1. Tropi geopolitici e antisemiti

Alcuni commentatori hanno collegato la sparatoria a una presunta influenza straniera. Tucker Carlson ha messo in dubbio il livello di influenza israeliana sul governo degli Stati Uniti, lasciando intendere che le carenze percepite dell’indagine fossero la prova di questo controllo. Allo stesso modo, Candace Owens ha suggerito che la donatrice politica Miriam Adelson potrebbe essere stata coinvolta, inquadrando l’evento come una conseguenza delle mutevoli posizioni di Trump sull’annessione israeliana. Queste affermazioni spesso rispecchiano i classici cliché antisemiti riguardanti il ​​controllo globale segreto.

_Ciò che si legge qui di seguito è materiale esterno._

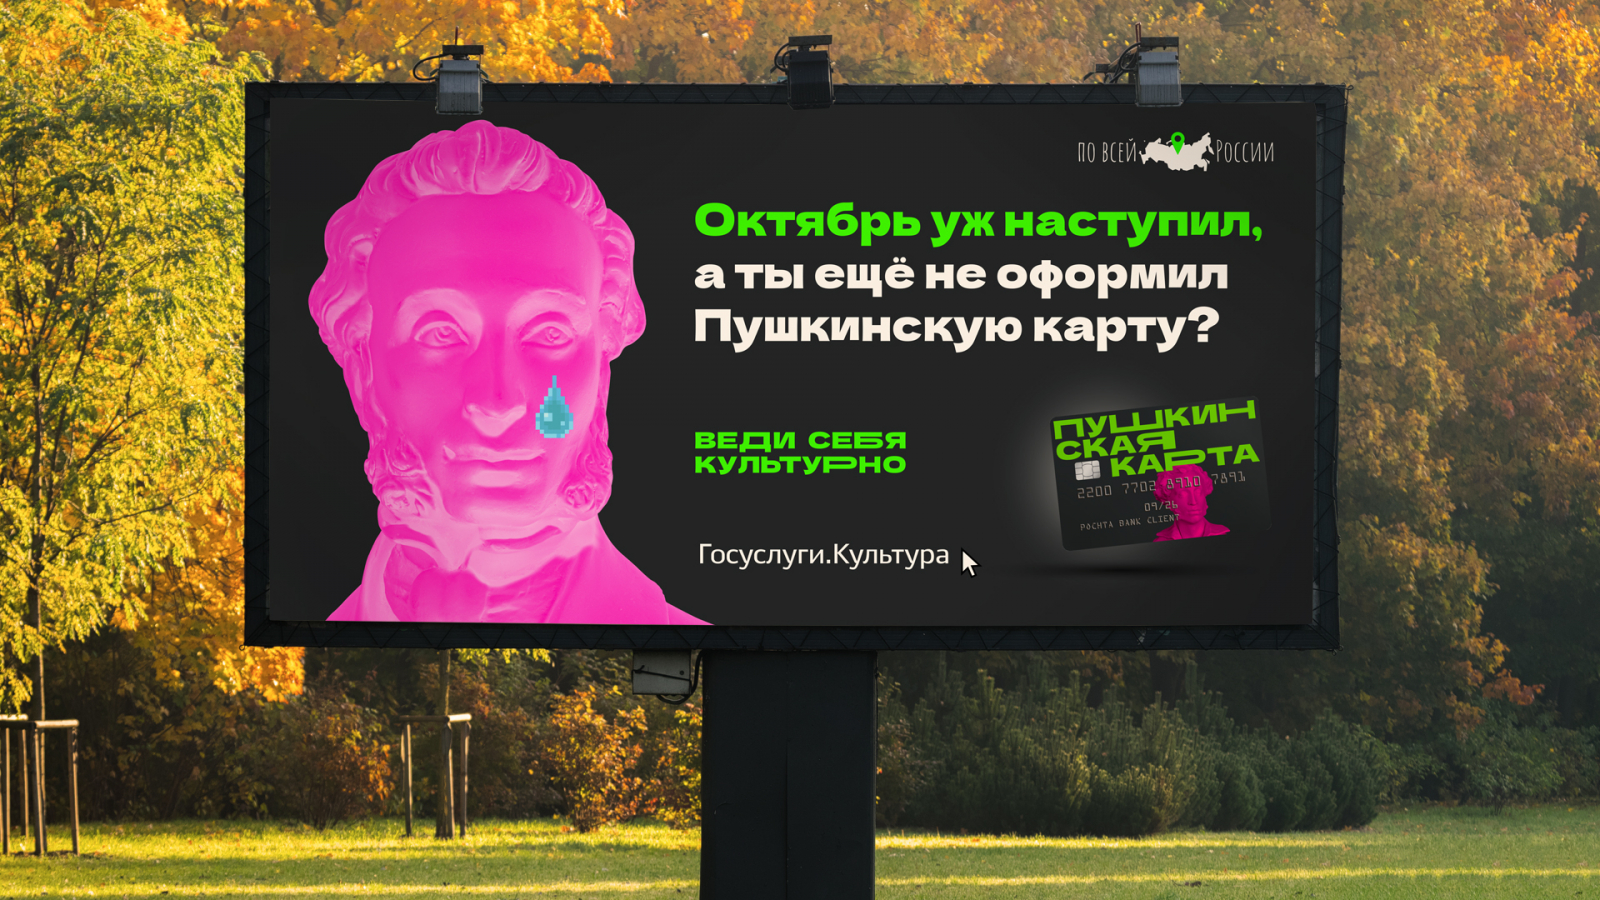 Рекламная кампания, Пушкинская карта, Национальные приоритеты, Культура, Дизайн карточки, Брендинг

2. Interpretazioni religiose ed escatologiche

Forse la cosa più sorprendente è che alcuni attivisti di estrema destra si stanno allontanando dalle spiegazioni politiche verso quelle teologiche. Ali Alexander, una figura chiave del movimento “Stop the Steal”, ha suggerito che l’evento potrebbe essere un “segno oscuro”. Ha fatto riferimento alla profezia biblica contenuta nel Libro dell’Apocalisse riguardante una bestia “ferita a morte”, suggerendo che se la sopravvivenza non fosse un miracolo, potrebbe essere la prova che Trump è l’Anticristo.

La polarizzazione della verità

È importante notare che questo non è un fenomeno unilaterale. All’indomani della sparatoria, i resoconti di “Blue Anon” (cospirazione di sinistra) affermarono in modo simile che l’evento era una bufala che coinvolgeva “pacchetti di gel di sangue” per raccogliere simpatia.

Tuttavia, la tendenza attuale è distinta perché sta emergendo dall’interno dello stesso movimento MAGA. Questo scetticismo interno suggerisce una spaccatura crescente: mentre alcuni sostenitori perdono fiducia nelle azioni di Trump o nella trasparenza della sua amministrazione, retroattivamente mettono in discussione l’autenticità dei suoi momenti più decisivi.

Il vuoto di informazioni creato da indagini incomplete non lascia solo domande senza risposta; fornisce la materia prima affinché interi ecosistemi di sfiducia possano prosperare.


Conclusione
L’evoluzione della narrativa sull’assassinio di Butler da una sopravvivenza miracolosa a una sospetta bufala evidenzia una crisi di fiducia sempre più profonda all’interno del movimento MAGA. Mentre i sostenitori si rivolgono sempre più alle teorie del complotto per spiegare i cambiamenti politici, la realtà condivisa necessaria per un discorso politico stabile continua a erodersi.